Information supplied:
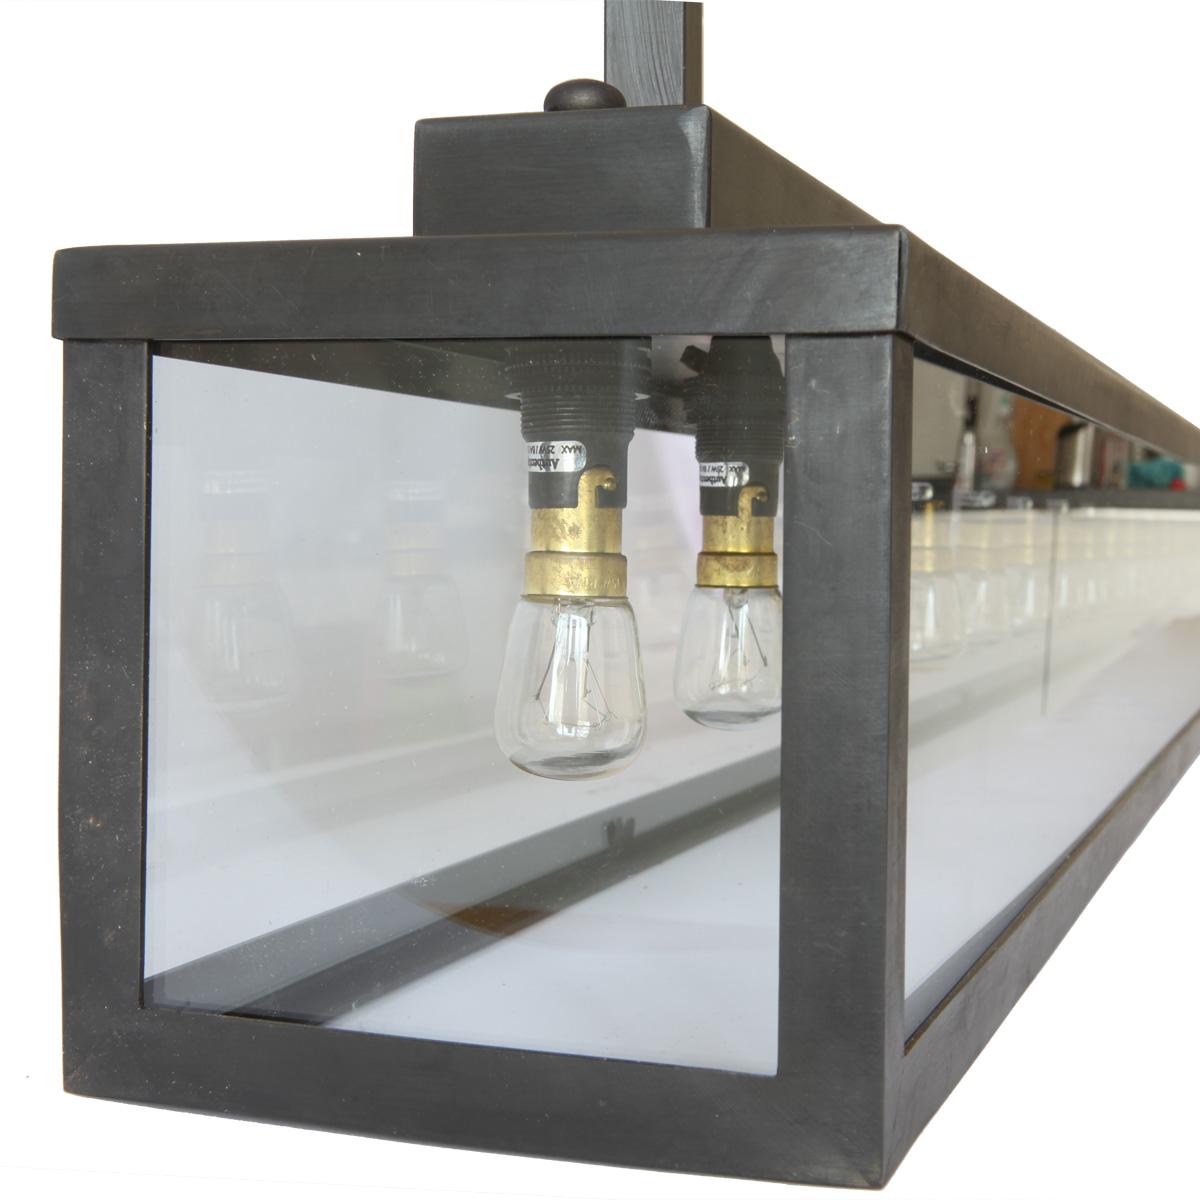 VITRINE 20L Kassetten-Hängeleuchte für Theken und Küchen - Casa Lumi
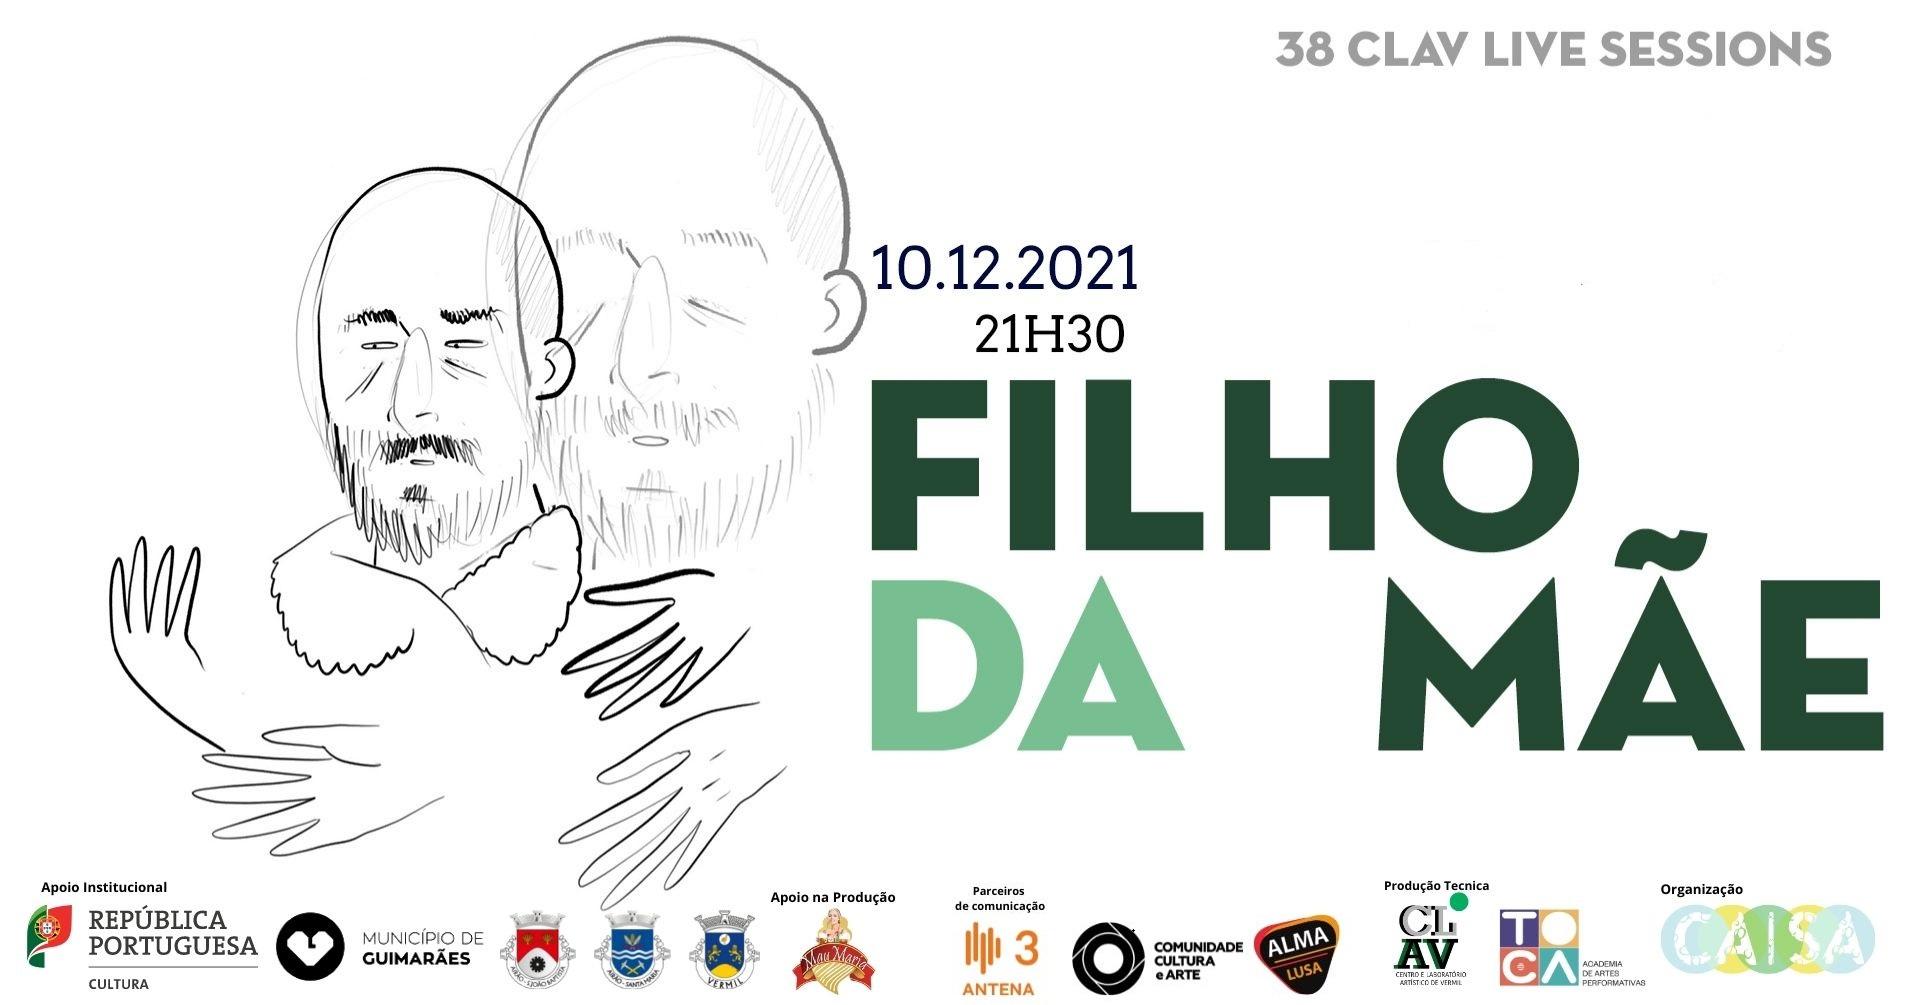 38ª CLAV Live Session // FILHO DA MÃE
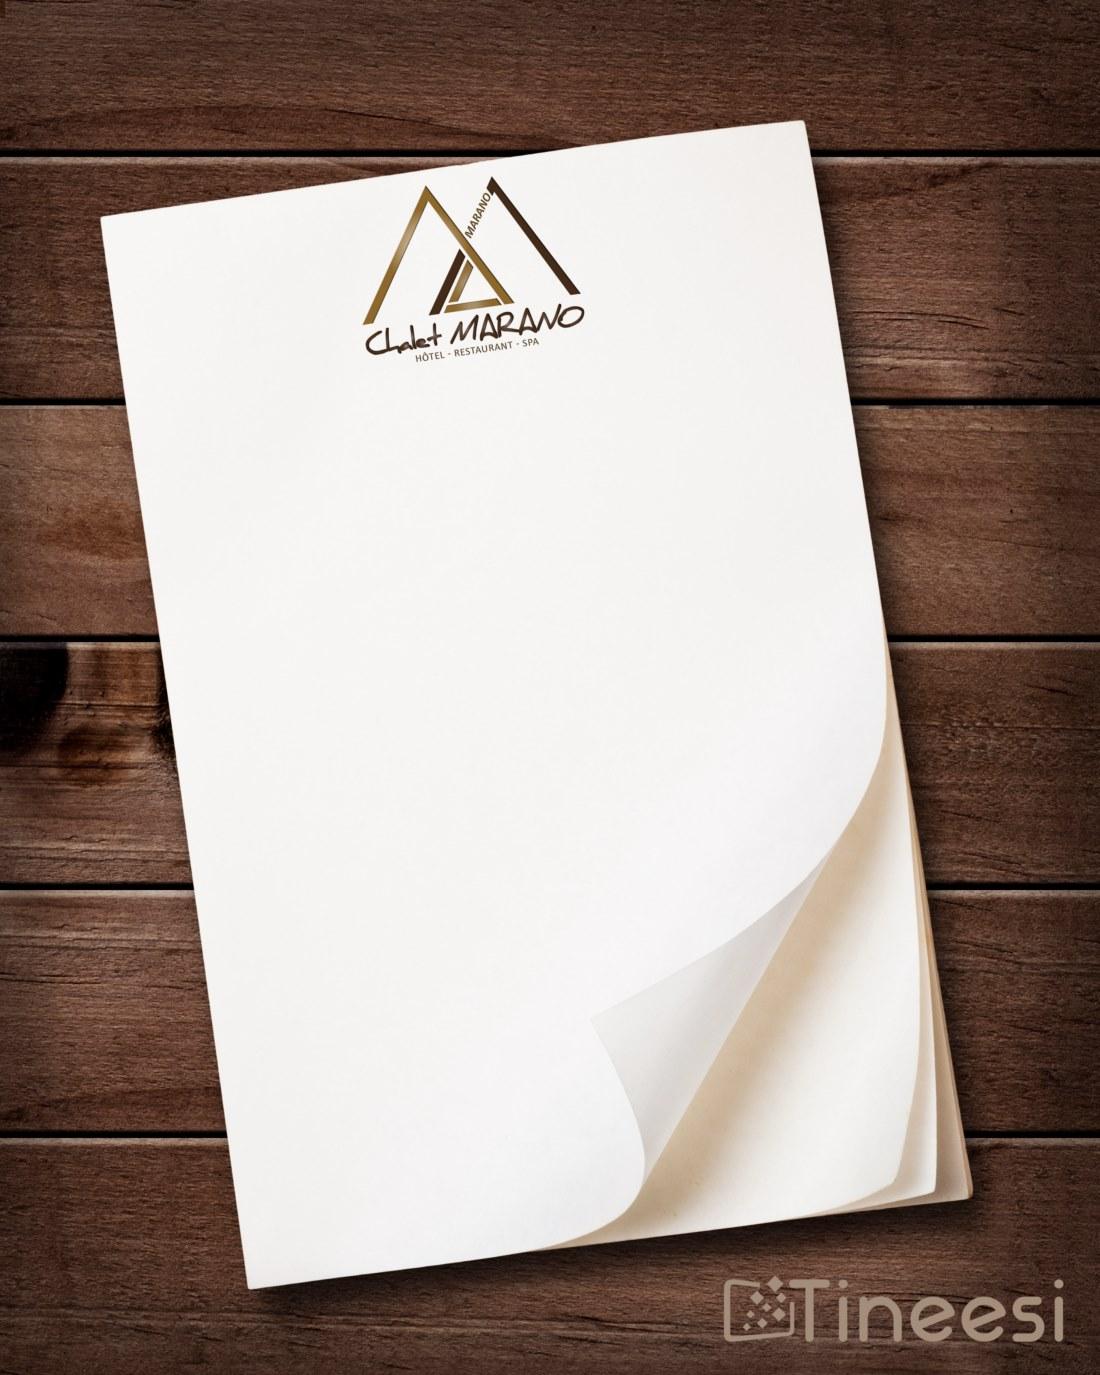 2017-09 chalet marano – mockup logo [800×600]
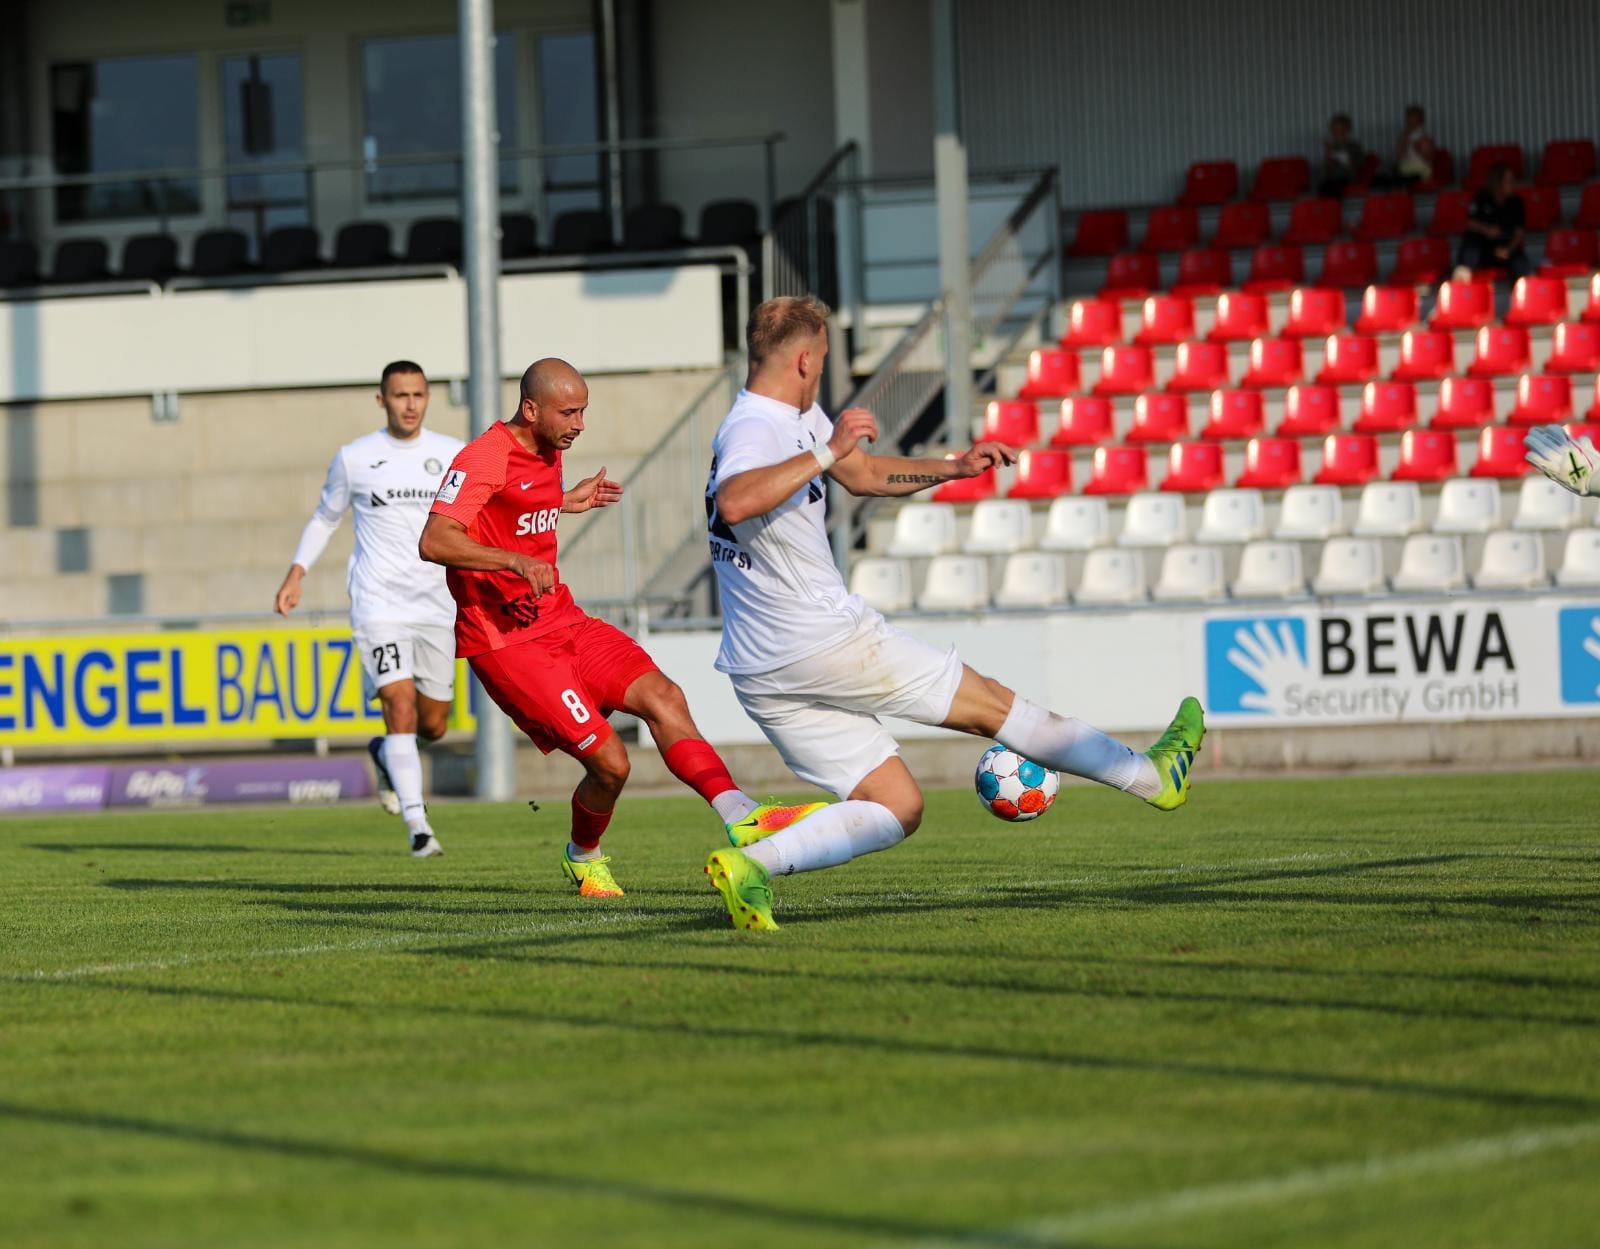 Testspiel-Niederlage gegen den Wuppertaler SV

Exercise brief: Word for word, return the listing above; the pictures do not belong in the copy.

Response:
 VITRINE 20L Kassetten-Hängeleuchte für Theken und Küchen - Casa Lumi
 38ª CLAV Live Session // FILHO DA MÃE
 2017-09 chalet marano – mockup logo [800×600]
 Testspiel-Niederlage gegen den Wuppertaler SV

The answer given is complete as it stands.